CHREST perception facilities are organized into short term memory (STM) and long term memory (LTM). Recognition is used to relate elements in the STM to elements in the LTM. It is my contention that empirical knowledge should form a special category of the LTM which is far more dependent upon the changing interpretations of sensory perceptions then logical statements.

A fundamental aspect of CHREST is the idea of a chunk which is a maximal familiar substructure of a given sensory stimulus. CHREST uses an advanced system of attention management to determine what elements of the environment should be perceived. Many of the elements of CHREST were defined by the earlier cognitive architecture EPAM.

Tuesday, October 29, 2013

Methods of solving mathematical problems

The simplex algorithm is a fairly effective method of solving linear programming problems though there are many linear programming problems for which an inexact solution with optimal utility is desirable. For problems in which we cannot produce exact solutions we need to use heuristics to get a best approximation of the optimal solution.

Metaheuristics can be used to produce solutions to mathematical problems under conditions of limited computational capacity. Hill climbing is a metaheuristic that can be used to find local optima by iteratively improving an arbitrary solution to a problem but it is not guaranteed to produce a global optima.

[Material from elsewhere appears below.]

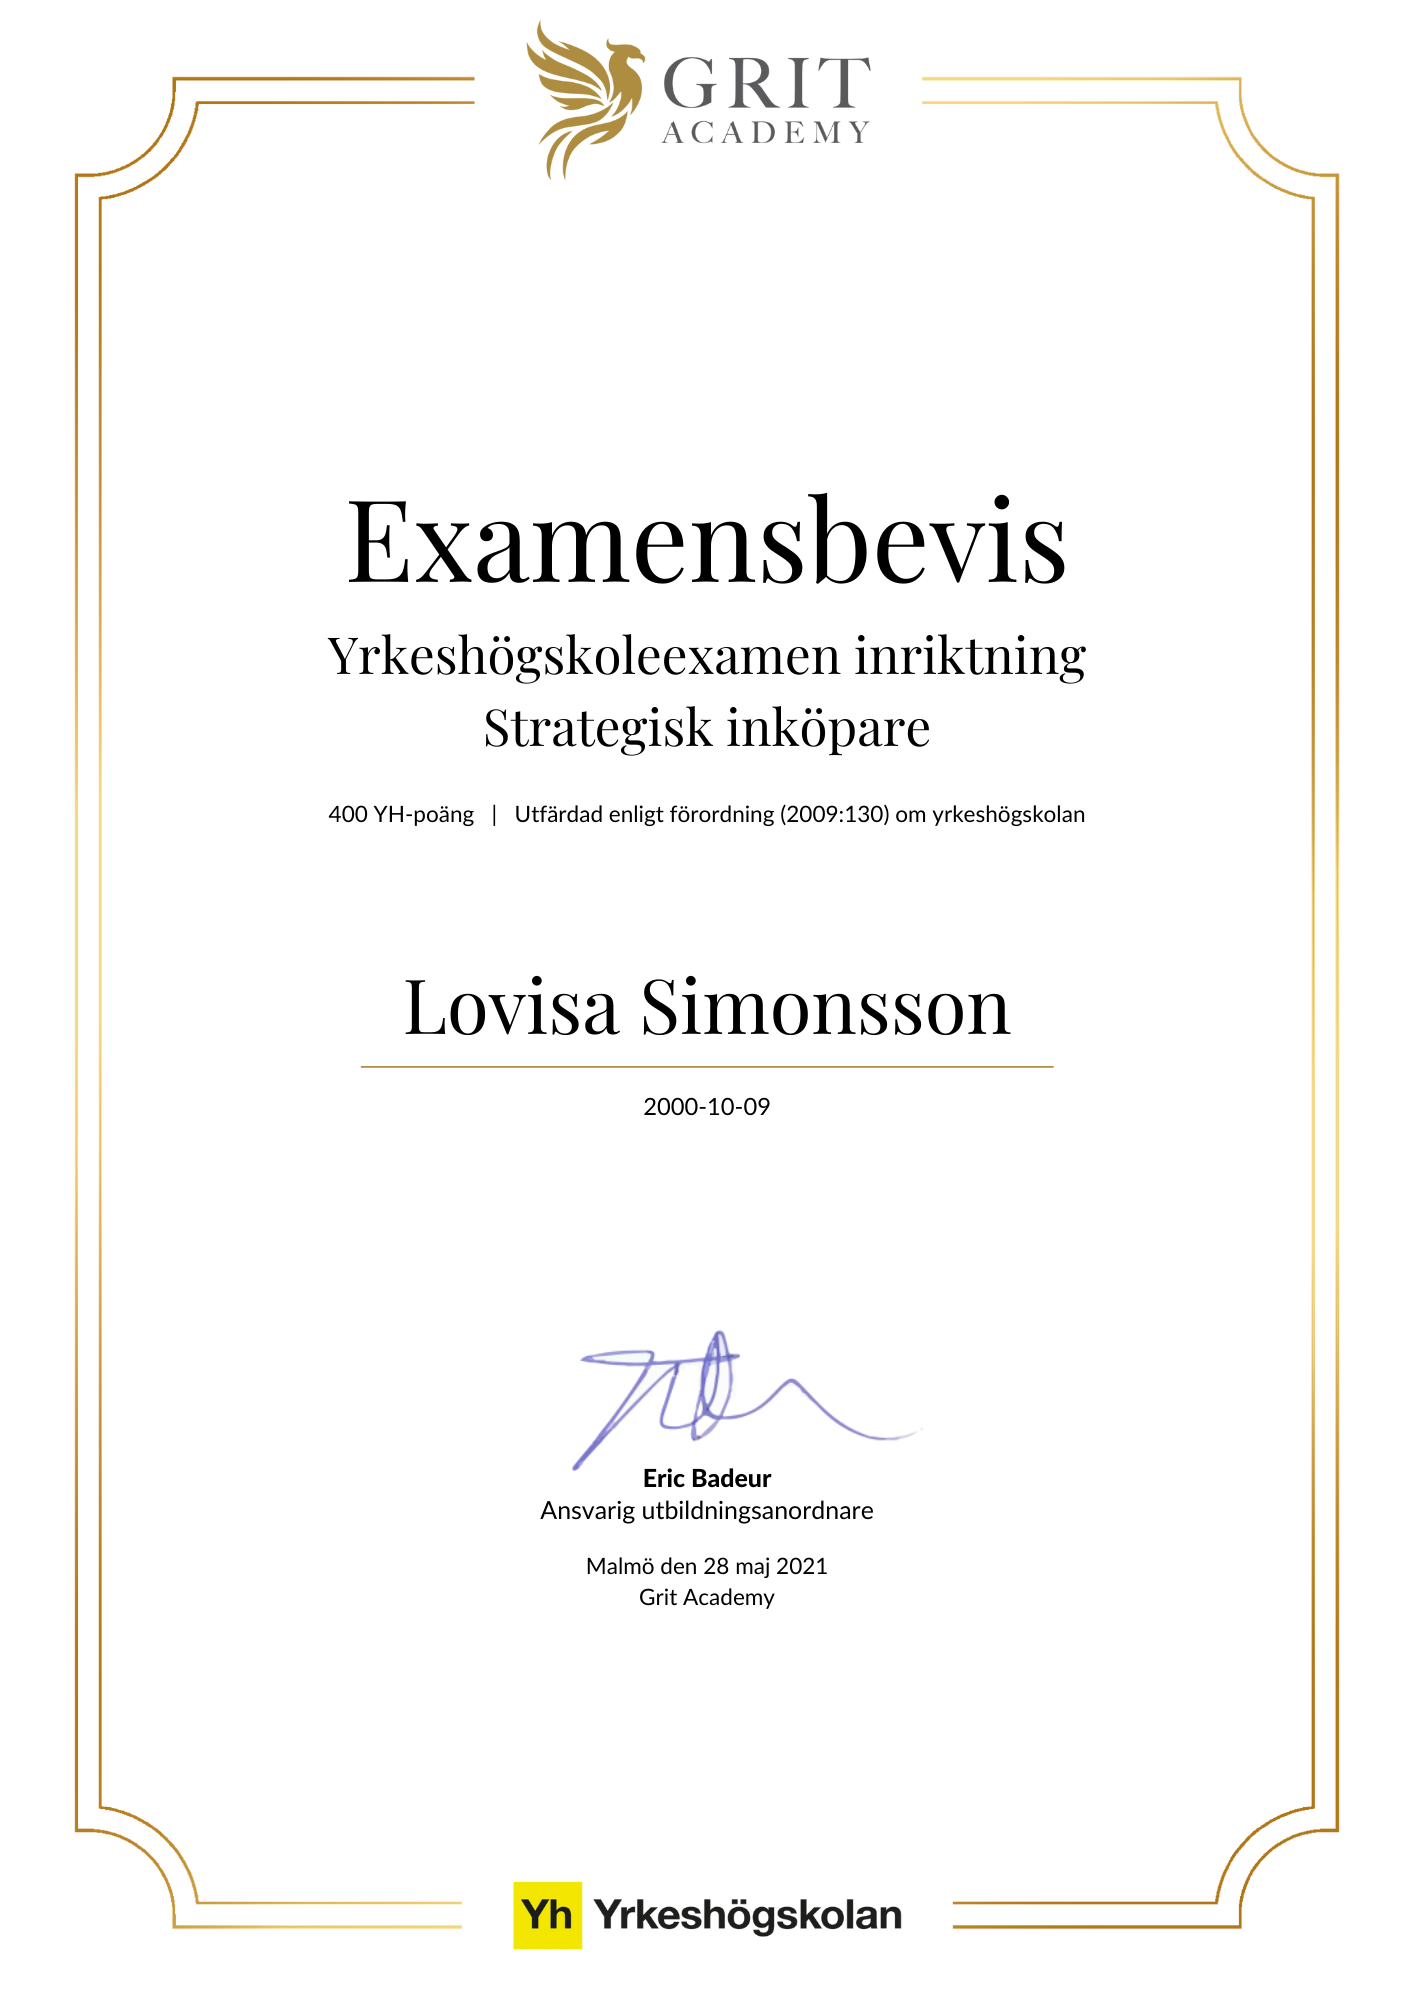 Examensbevis Lovisa Simonsson - 1

The hill climbing metaheuristic can be used for example to optimize a solution to the traveling salesman problem by first finding a basic feasible solution and then switching the order in which certain nodes are visited as long as that switch improves the solution. There are various other metaheuristics such as tabu search that can be used to solve mathematical optimization problems.

Friday, October 25, 2013

Some types of mathematical problems

Analytic optimization
Analytic optimization problems are defined by the optimization of a function over a set of real vectors to the set of real numbers $\mathbb{R}^n \to \mathbb{R}$. The most generally applicable type of analytic optimization is linear programming so it is worth starting out with that and then continuing on to describe the nonlinear cases afterwards.

Linear programming:
Real linear programming problems can be solved using the simplex method, however, most integer programming problems don't have exact solutions so they require the use of heuristics. A variety of combinatorial problems including TSP, covering problems, and boolean satisfiability can be solved using integer linear programming.

Nonlinear programming:
Given some general multivariable real function we can use the combination of partial derivatives and equation solving to solve unconstrained optimization problems. Otherwise, there are special kinds of nonlinear programming such as fractional programming and quadratic programming that have their own sorts of solutions.

Goal oriented optimization:
In general goal based problems include a discrete temporal model and a predicate that determines rather or not the current state is the goal state. In planning problems the problem is generally to find the shortest sequence of moves to reach the goal state and in turn selection problems the problem is to find a move that maximizes the frequency of wins and minimizes the frequency of loses in the game tree.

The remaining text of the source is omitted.